What the exercise asks |
Your job is to retype all of the data word for word, leaving every image out.

Given data |
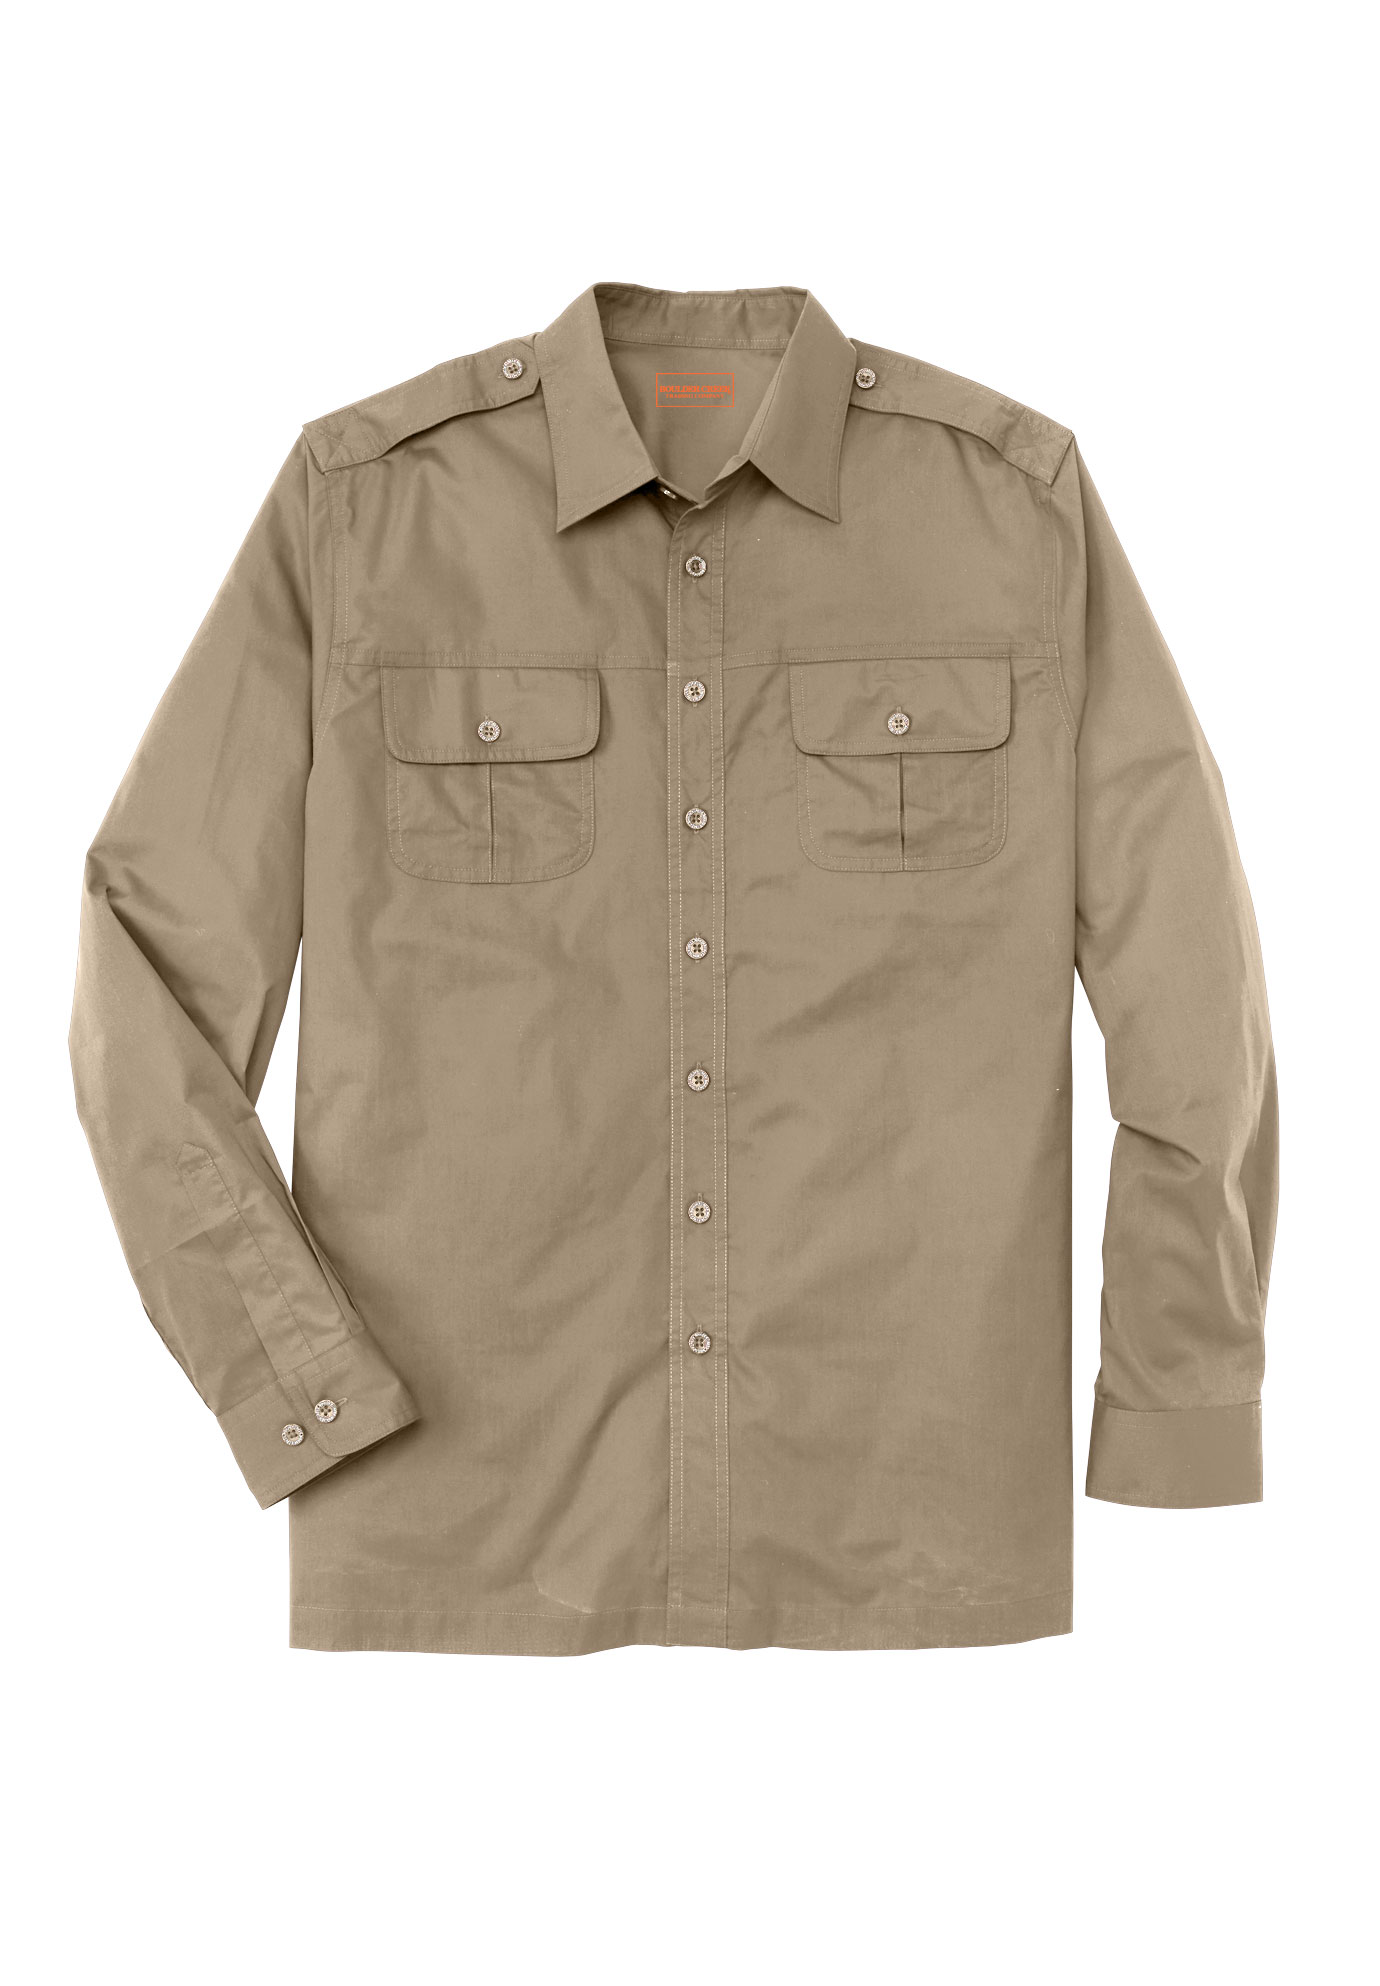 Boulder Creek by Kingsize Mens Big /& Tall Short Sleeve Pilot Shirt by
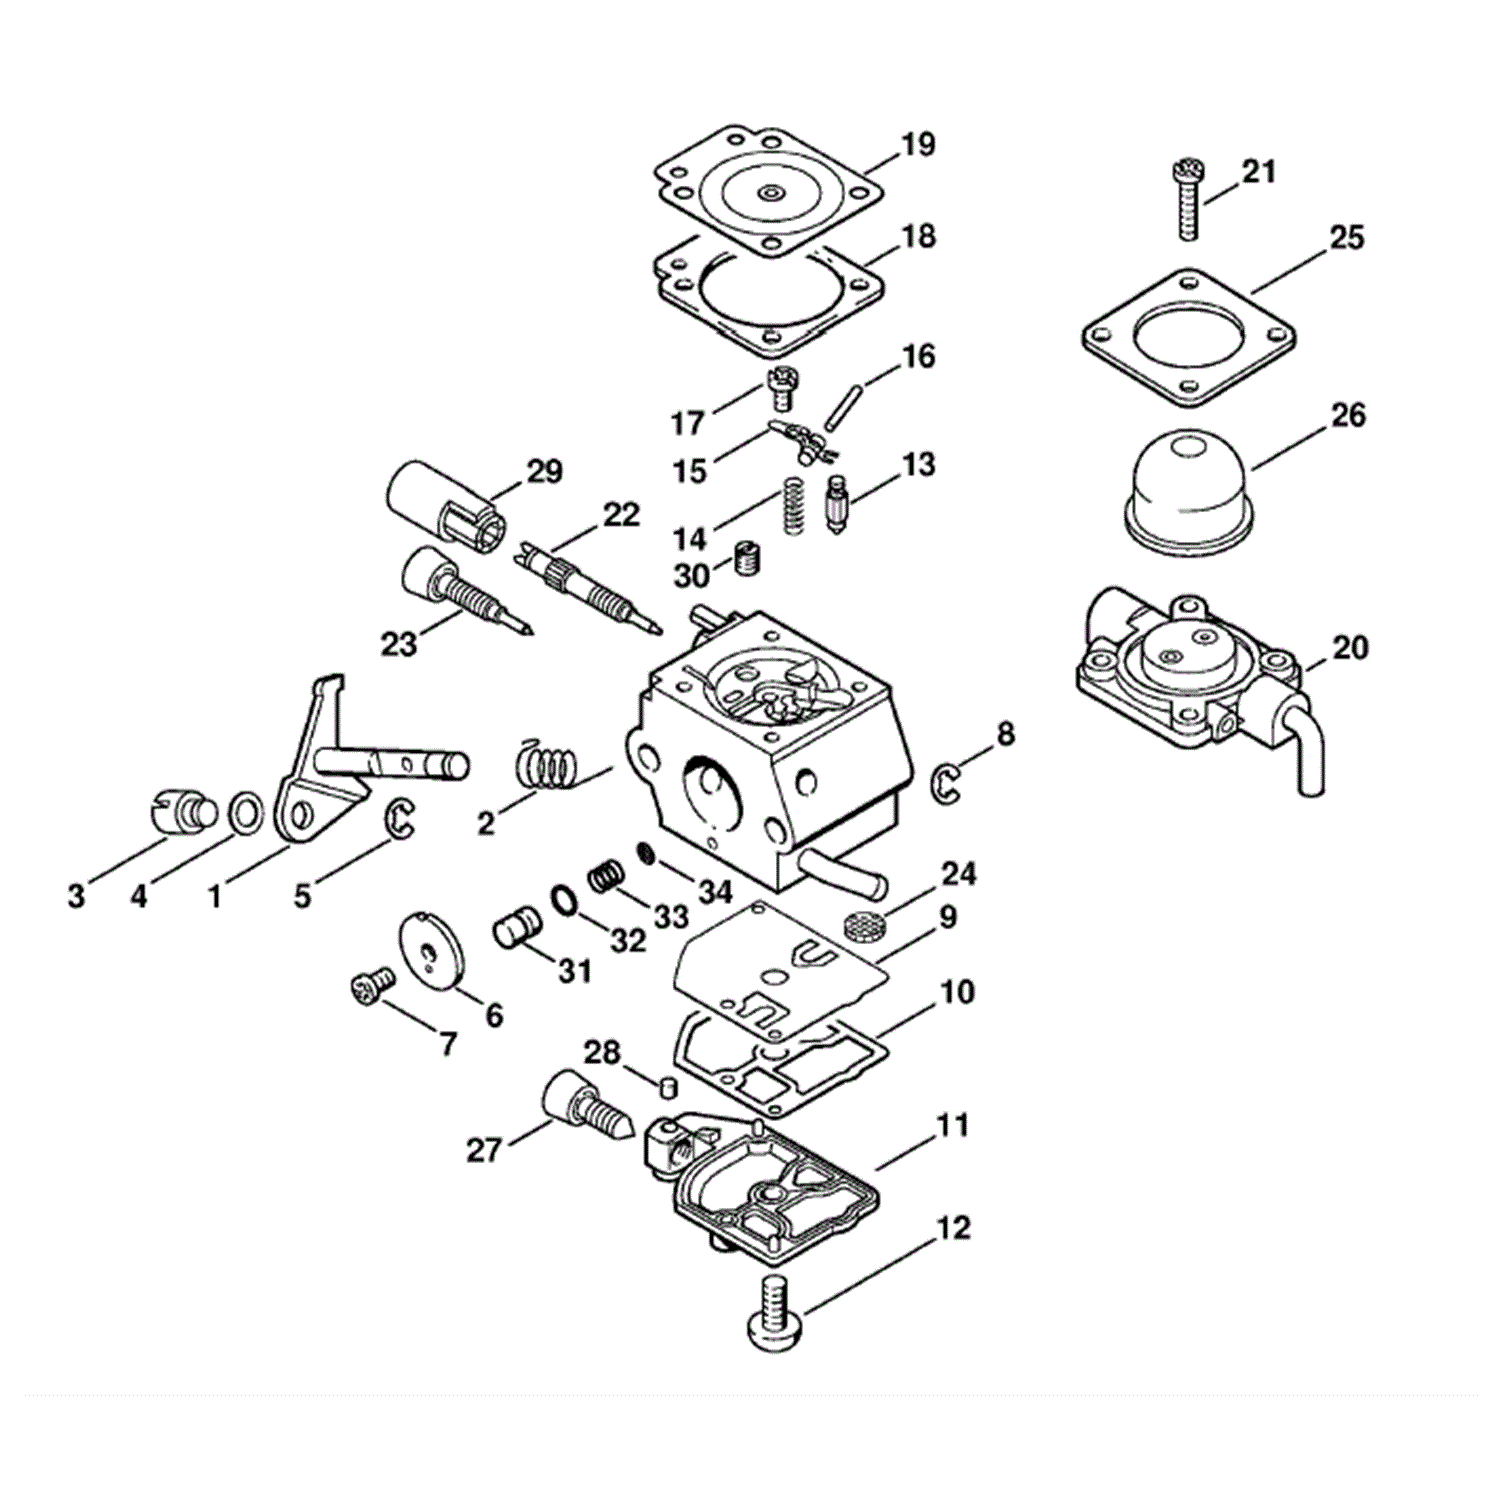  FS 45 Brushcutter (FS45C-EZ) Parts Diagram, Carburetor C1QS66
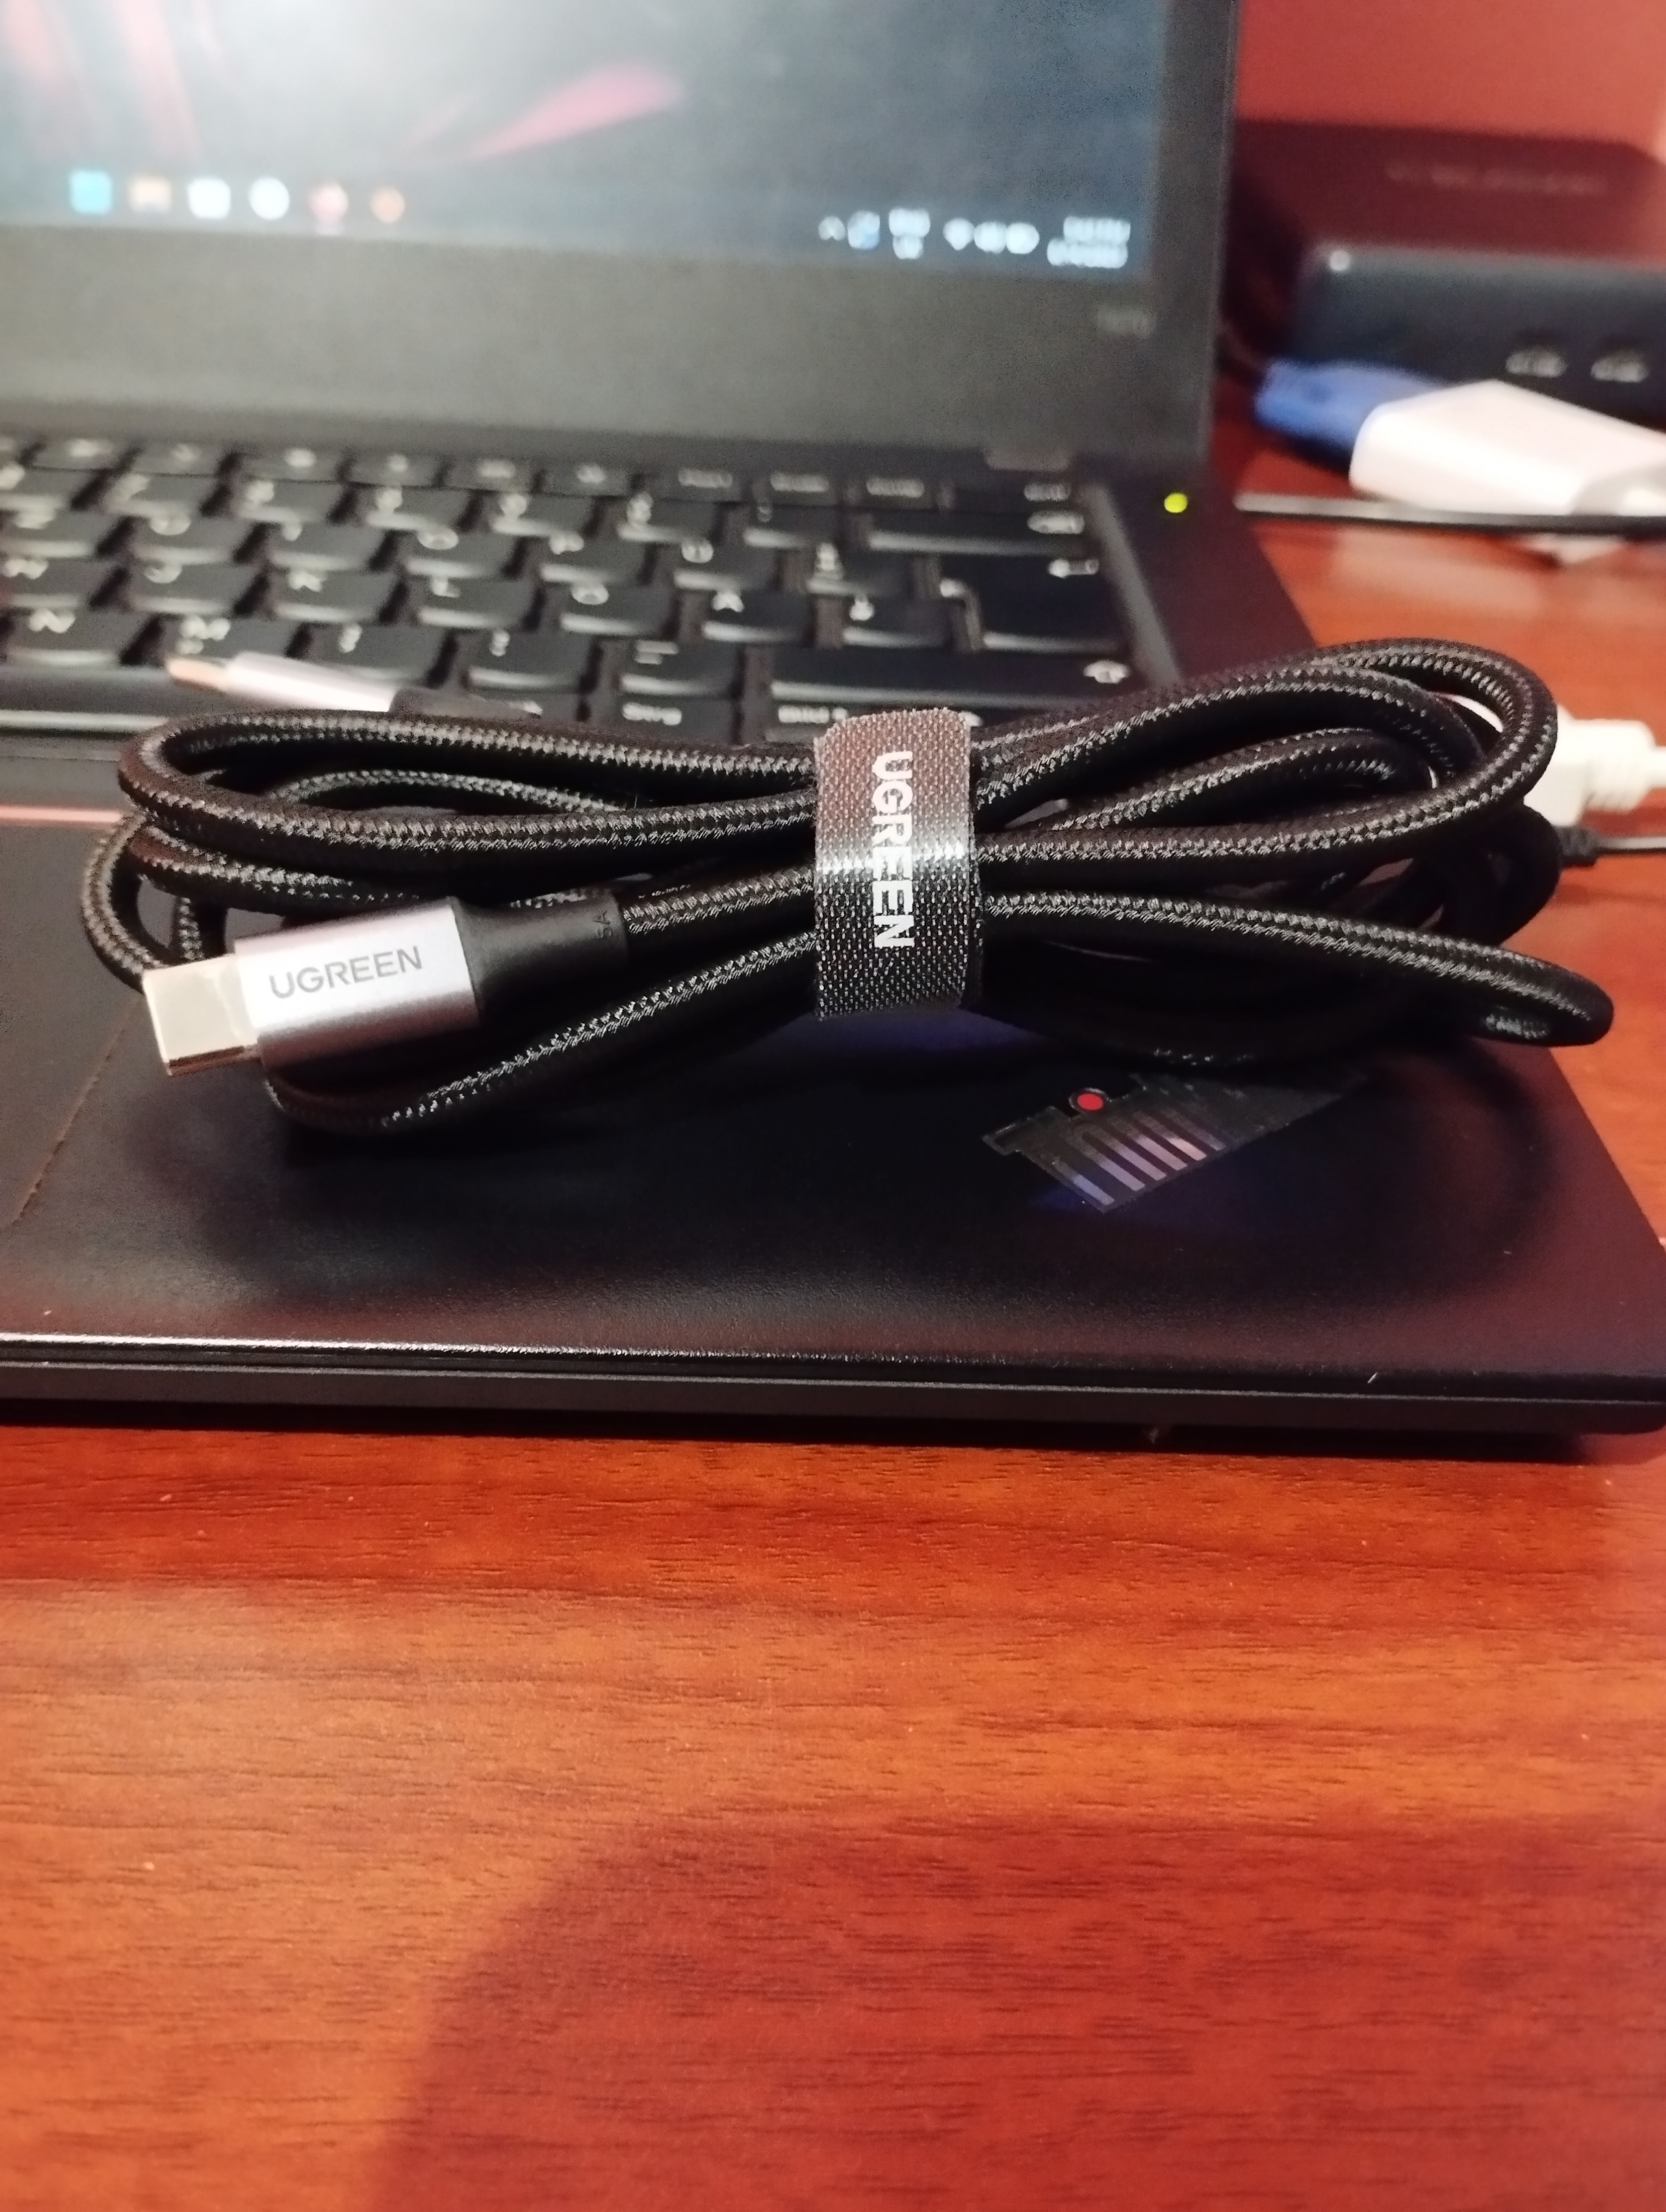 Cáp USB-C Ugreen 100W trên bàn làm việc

Finished task |
 Boulder Creek by Kingsize Mens Big /& Tall Short Sleeve Pilot Shirt by
  FS 45 Brushcutter (FS45C-EZ) Parts Diagram, Carburetor C1QS66
 Cáp USB-C Ugreen 100W trên bàn làm việc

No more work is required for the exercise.